↓↓↓

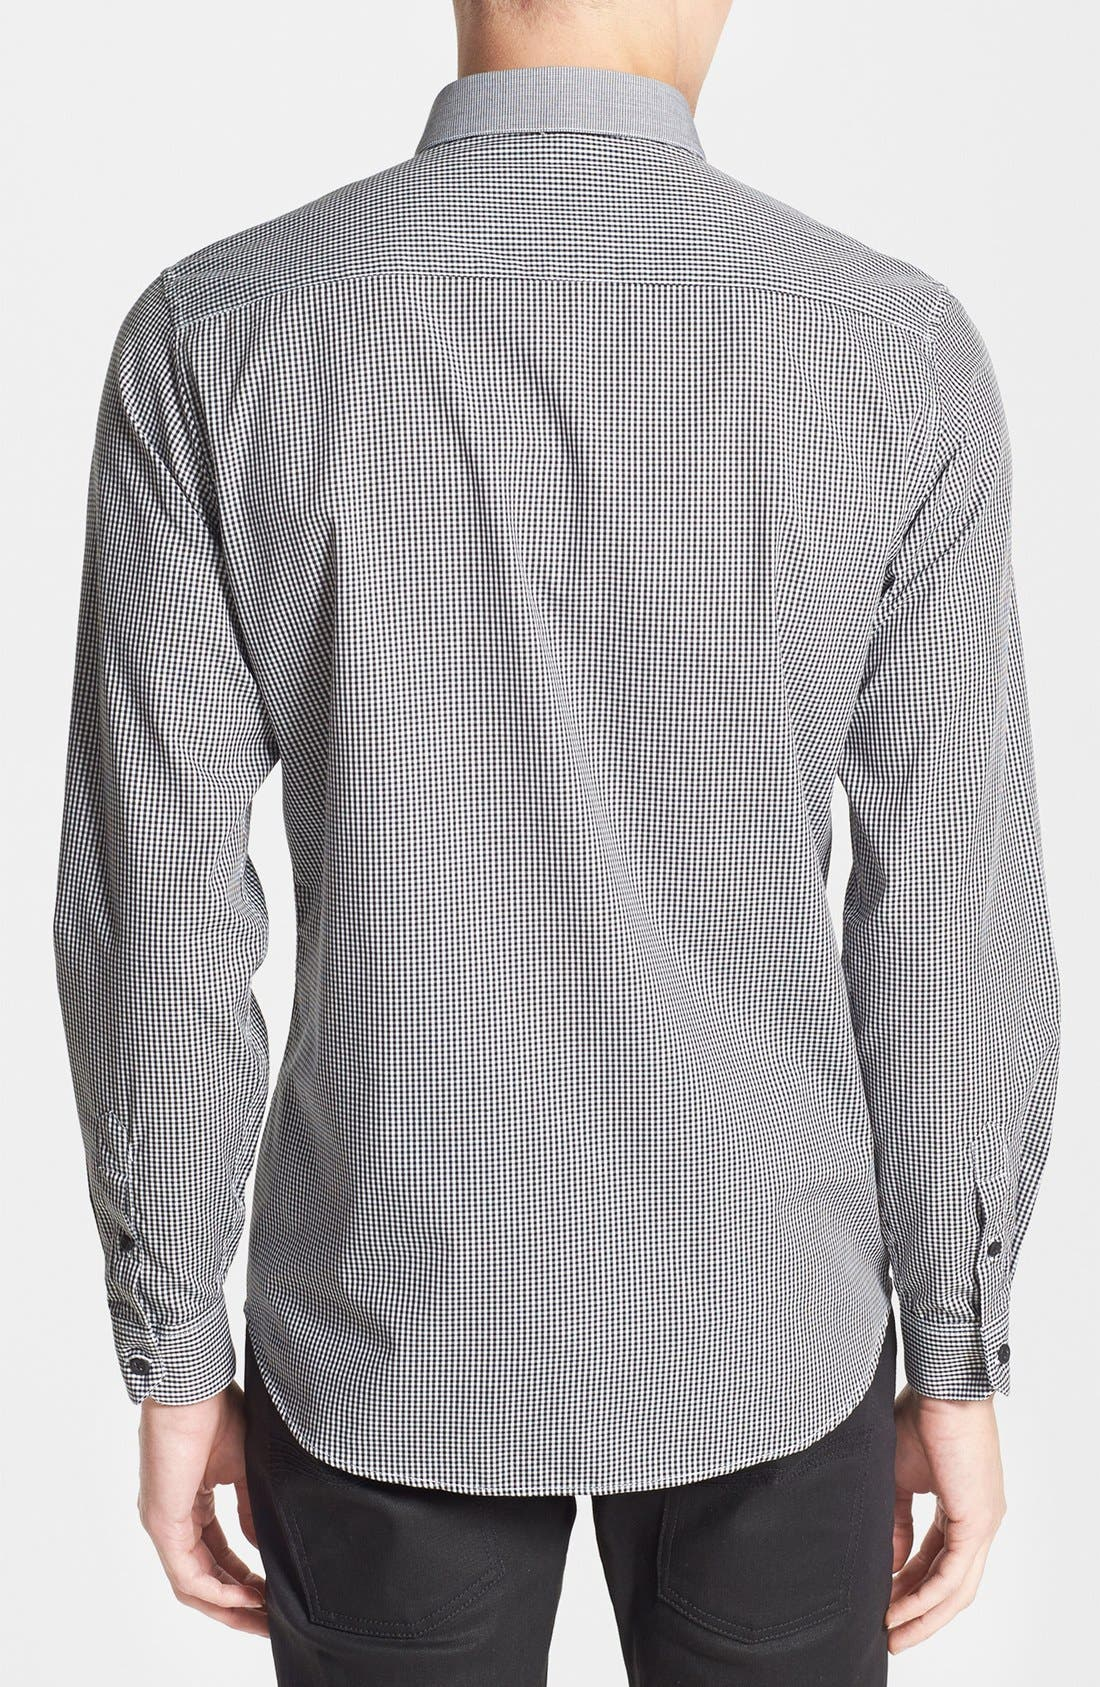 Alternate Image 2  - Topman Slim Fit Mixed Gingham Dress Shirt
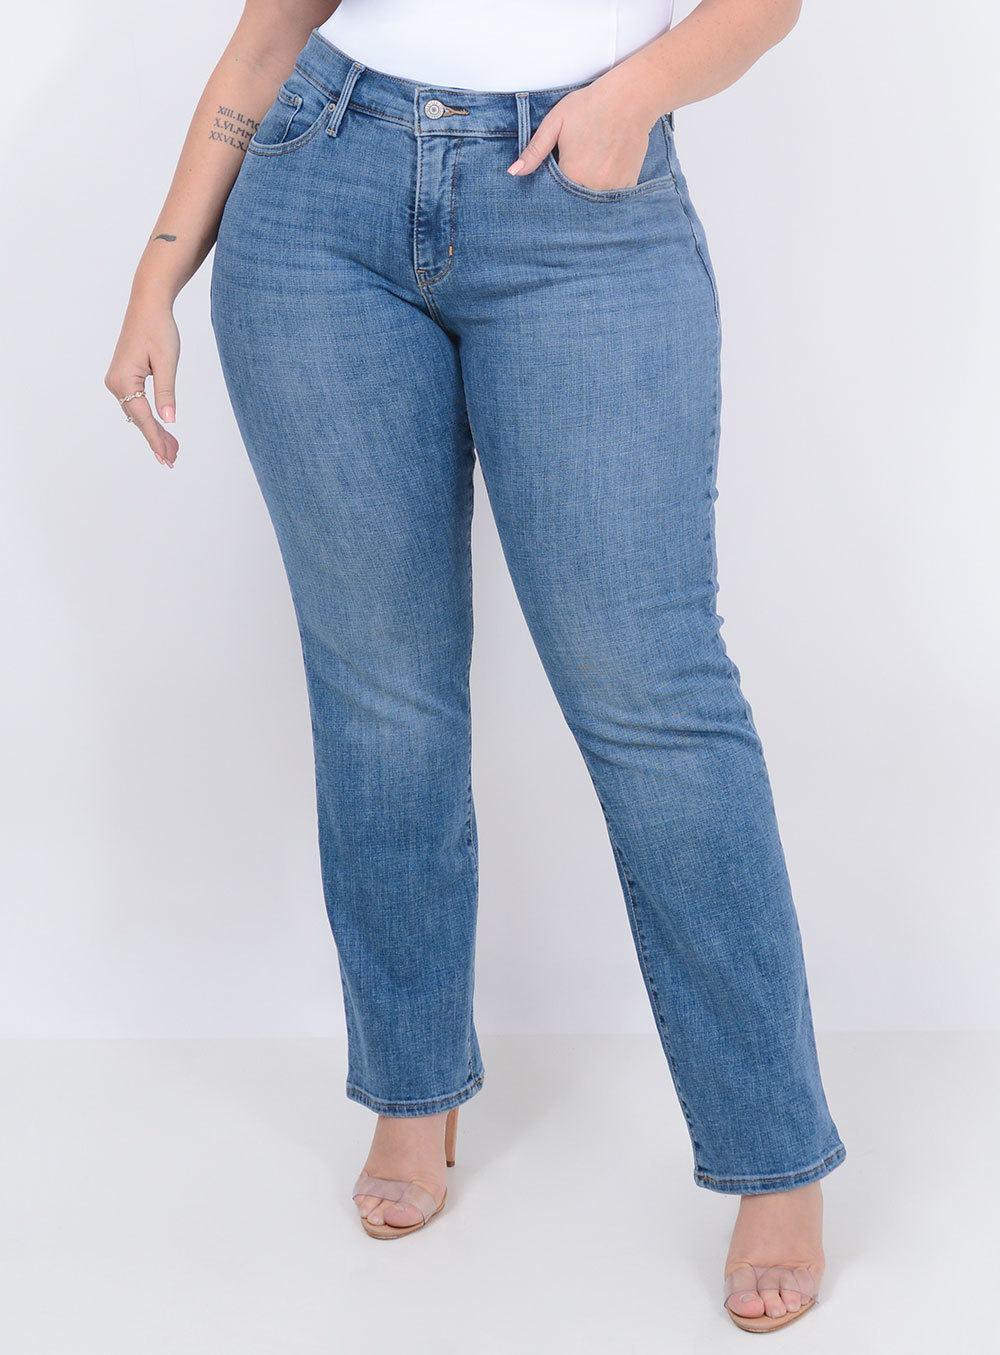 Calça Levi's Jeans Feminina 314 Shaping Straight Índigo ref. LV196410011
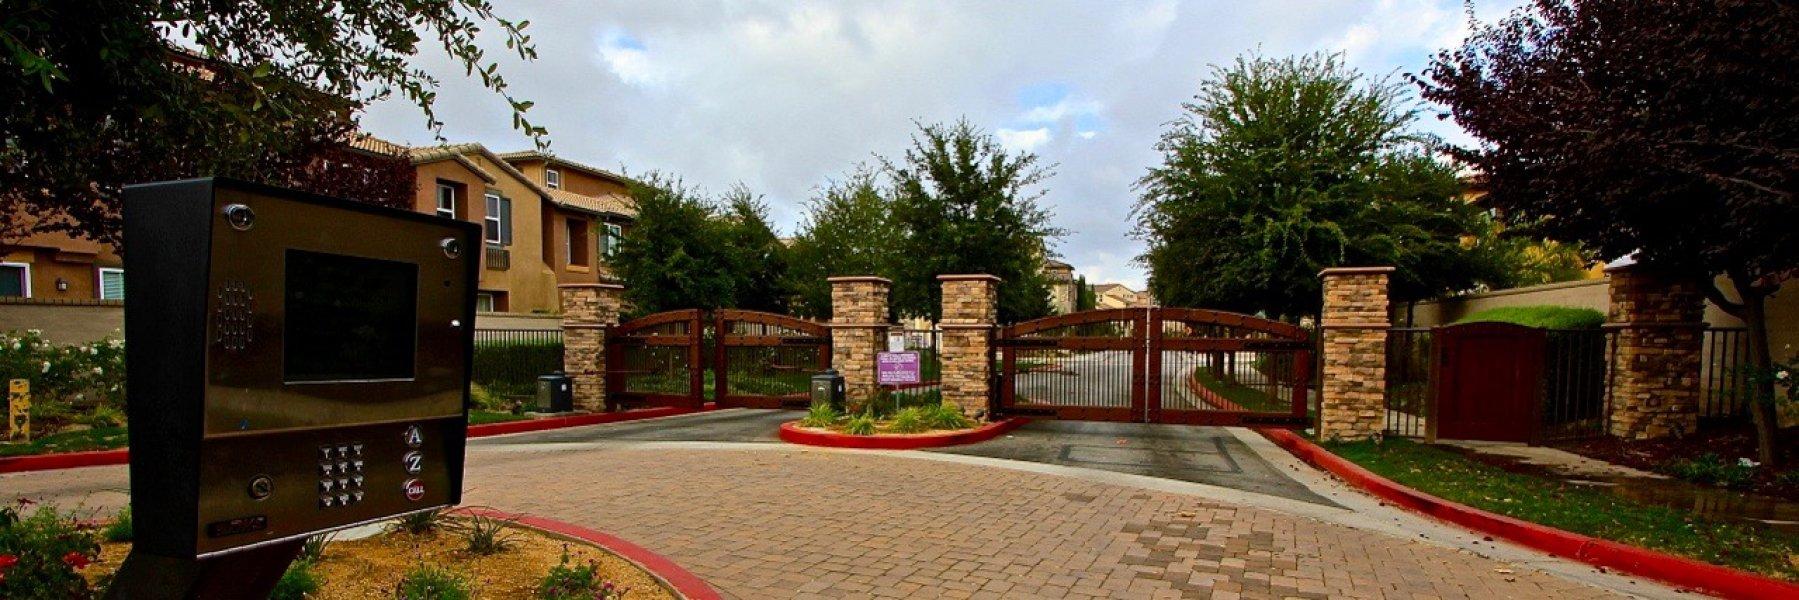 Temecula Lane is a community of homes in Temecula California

↑↑↑

→ **Task item**:
The material shown above is to be repeated verbatim, and its pictures are to be omitted.

→ **Exercise solution**:
 Alternate Image 2  - Topman Slim Fit Mixed Gingham Dress Shirt
 Calça Levi's Jeans Feminina 314 Shaping Straight Índigo ref. LV196410011
 Temecula Lane is a community of homes in Temecula California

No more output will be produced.